Directions for this task. Look over the lines below. Report each one that includes the string "painting".

==========

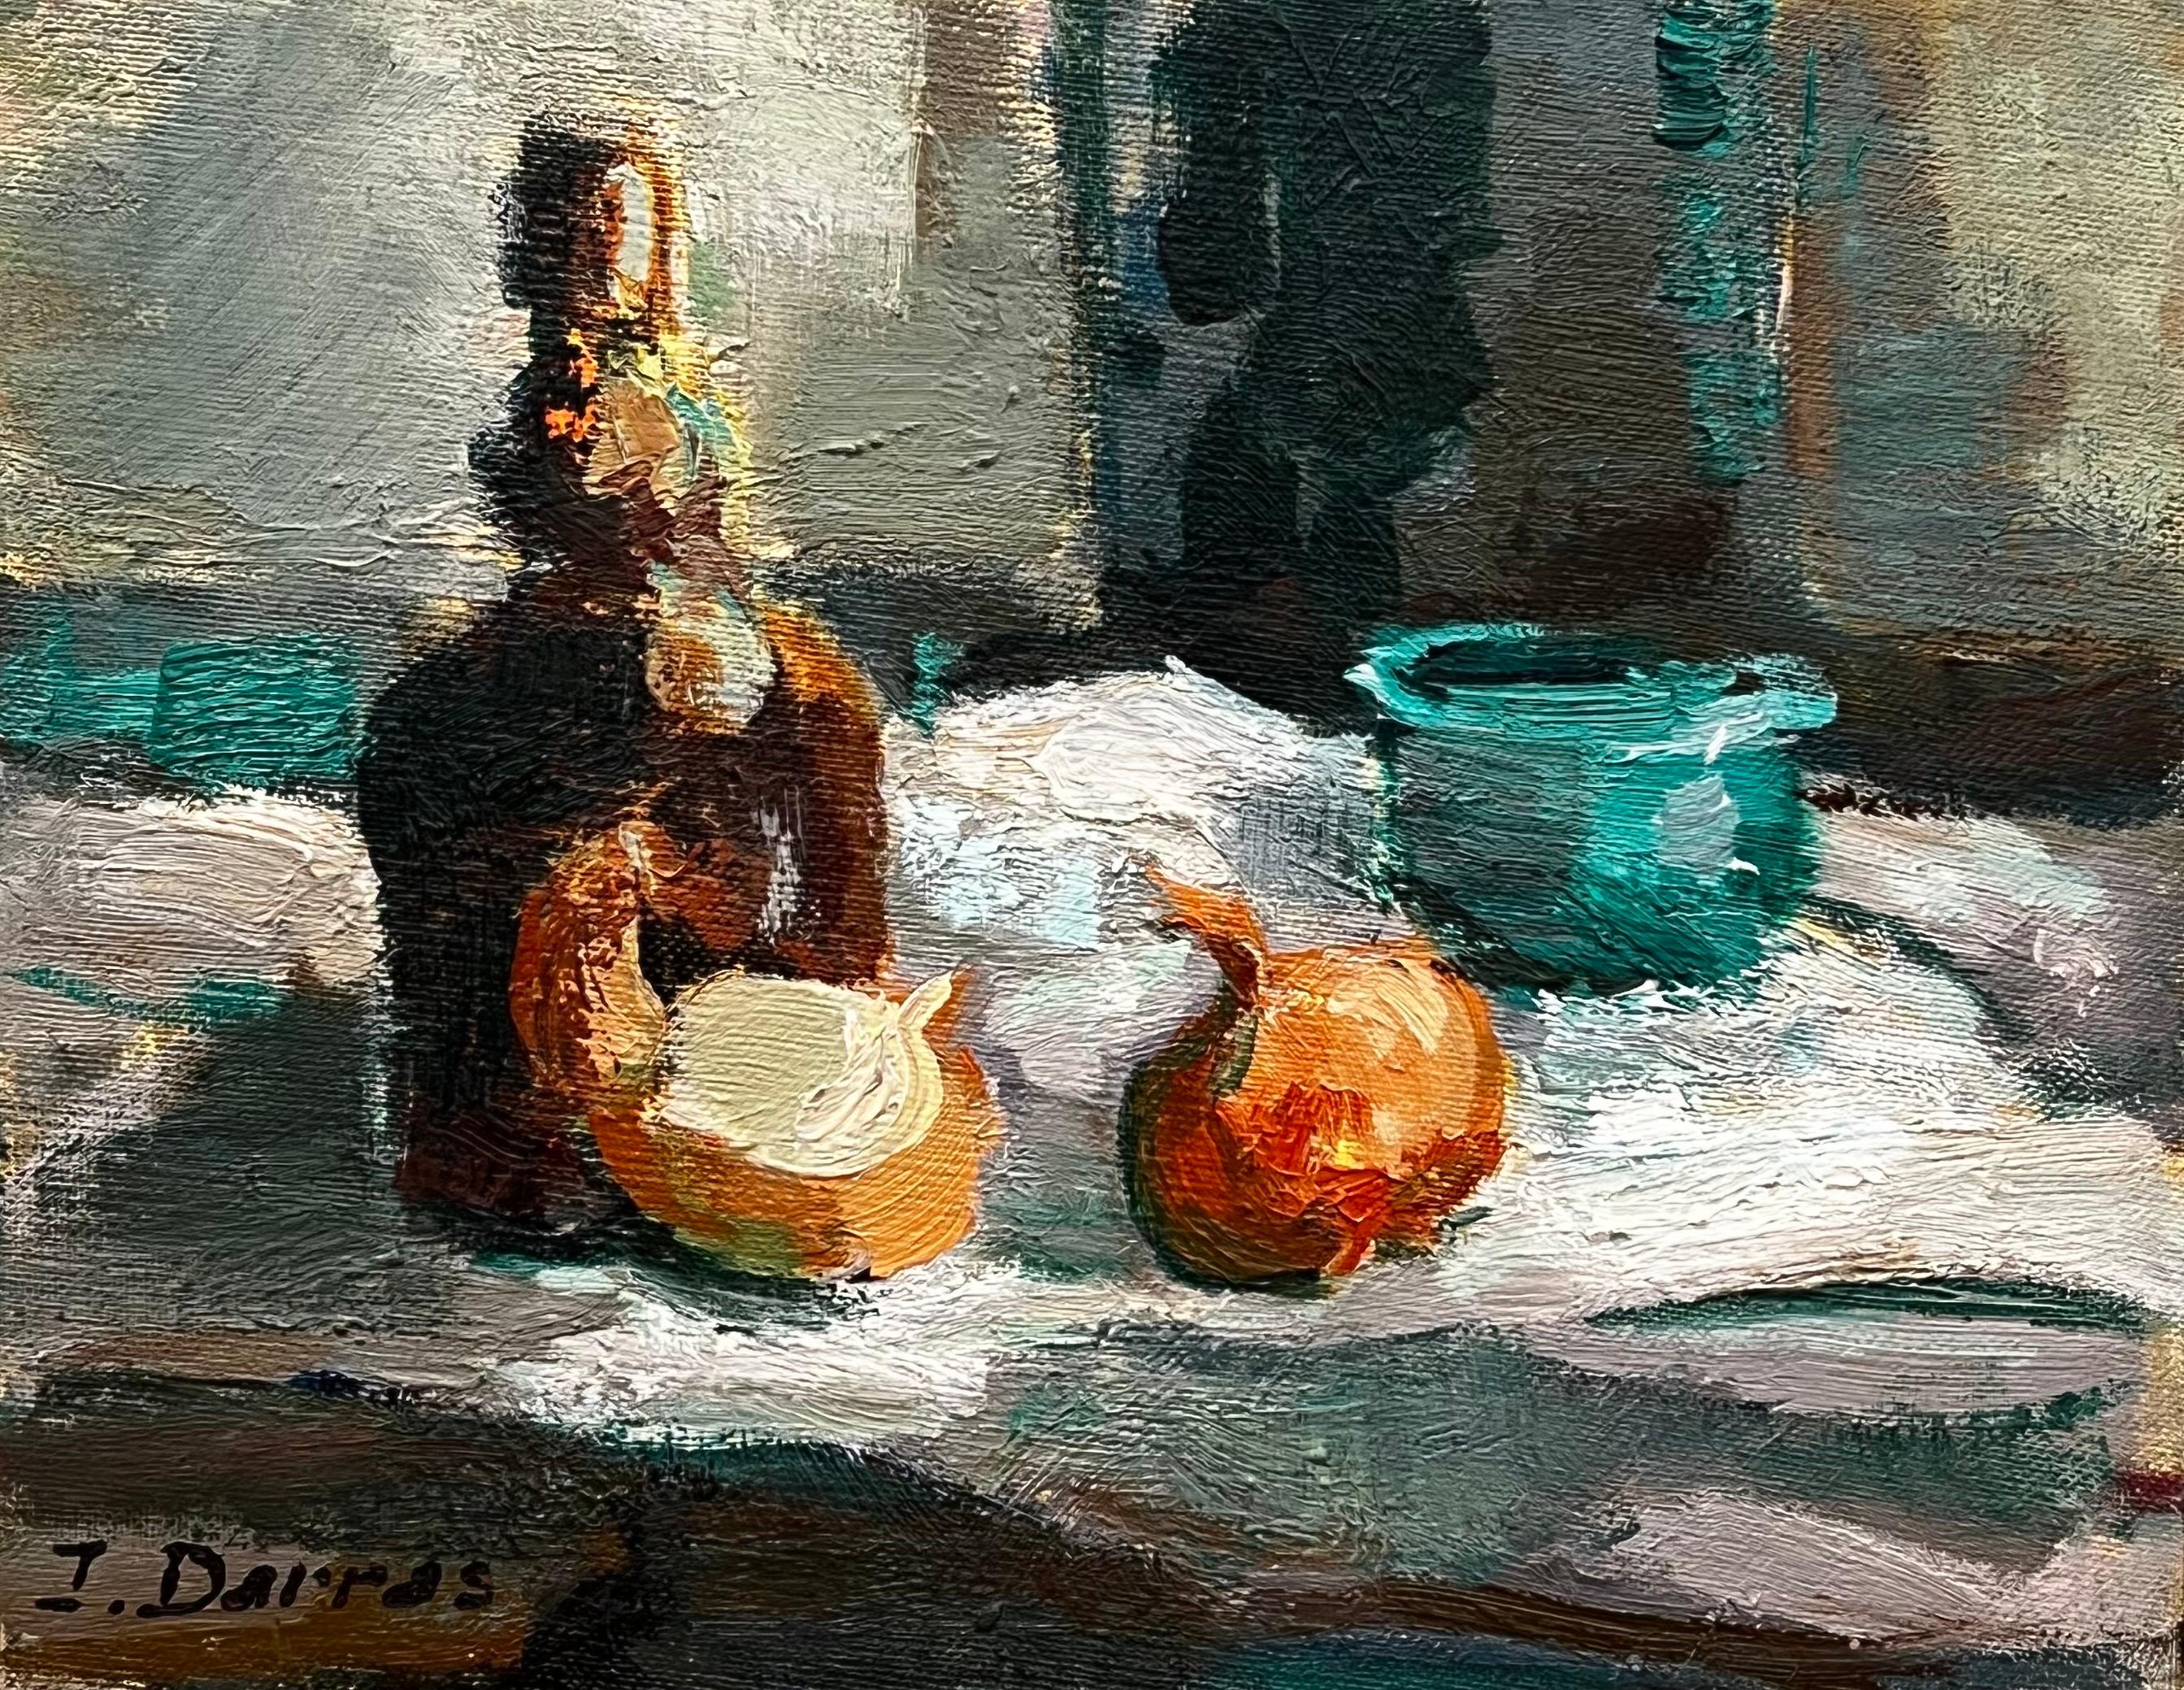 Artist/ School: J.Darras, French 20th century, signed

Title: Still Life

Medium: oil painting on board, unframed 

canvas : 7.5 x 9.5 inches

Provenance: private collection, France

Condition: The painting is in overall very good and sound

==========

Finished exercise.
Medium: oil painting on board, unframed 
Condition: The painting is in overall very good and sound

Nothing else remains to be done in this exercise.